2. The press buffer assembly for a servo hot press of claim 1, wherein: the dust blowing mechanism (5) comprises a plurality of air holes (51) formed in the outer wall of a limiting rod (41), one sides of the air holes (51) are communicated with an air storage groove (52), a rubber plate (53) is slidably mounted on the inner wall of the air storage groove (52), a pressing rod (54) is fixedly mounted on the top of the rubber plate (53), a limiting spring (55) is fixedly mounted on the top of the pressing rod (54), the limiting spring (55) is fixedly mounted on the inner wall of the limiting rod (41), sliding grooves are formed in two sides of the pressing rod (54), the sliding grooves are formed in the inner wall of the limiting rod (41), a squeezing plate (56) is slidably mounted on the inner wall of the sliding grooves, and the squeezing plate (56) is fixedly mounted on the top of the hot pressing plate (2).

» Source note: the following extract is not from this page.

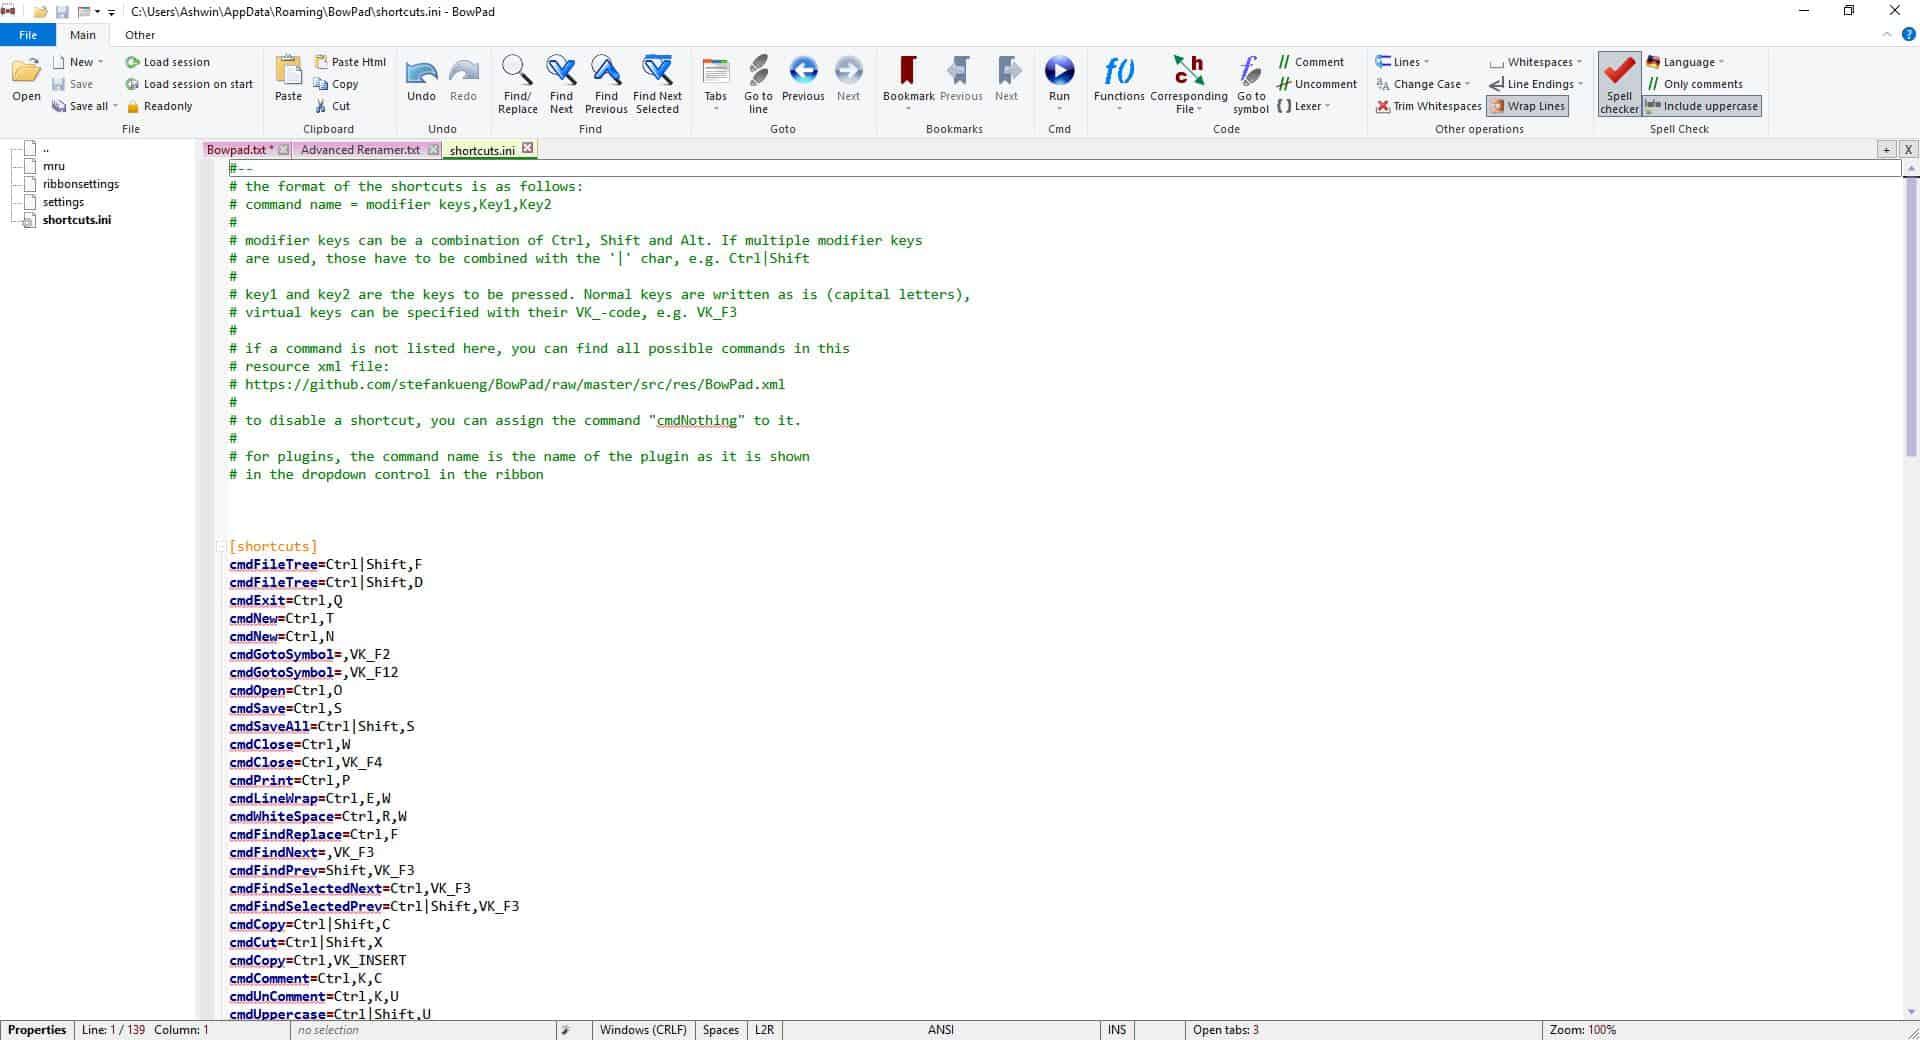 BowPad syntax

3. The press buffer assembly for a servo hot press of claim 1, wherein: the two ejector rods (43) are symmetrically arranged on the vertical center line of the placing plate (3), and the top of each ejector rod (43) is mutually attached to the bottom of the placing plate (3).

4. A press down buffer assembly for a servo hot press as claimed in claim 3, wherein: the rocker (44) is obliquely arranged with the bottom of the placing plate (3) serving as a plane, one side of the rocker (44) stretches out of the outer wall of the placing plate (3), and a gap is reserved between the rocker (44) and the placing plate (3).

5. The press buffer assembly for a servo hot press of claim 4, wherein: the horizontal height of clamp plate (47) bottom is less than the horizontal height of hot pressboard (2) bottom, the bottom of clamp plate (47) is laminated each other with the top of wane (44).

6. The press buffer assembly for a servo hot press of claim 2, wherein: the air holes (51) are higher than the placing plate (3), and the air holes (51) face to the top of the placing plate (3).

7. The press buffer assembly for a servo hot press of claim 2, wherein: the extrusion plate (56) is arranged in a shape like a Chinese character 'men', the extrusion plate (56) and the compression bar (54) are positioned on the same vertical horizontal line, and the extrusion plate (56) and the hot pressing plate (2) are arranged in a mutually perpendicular mode.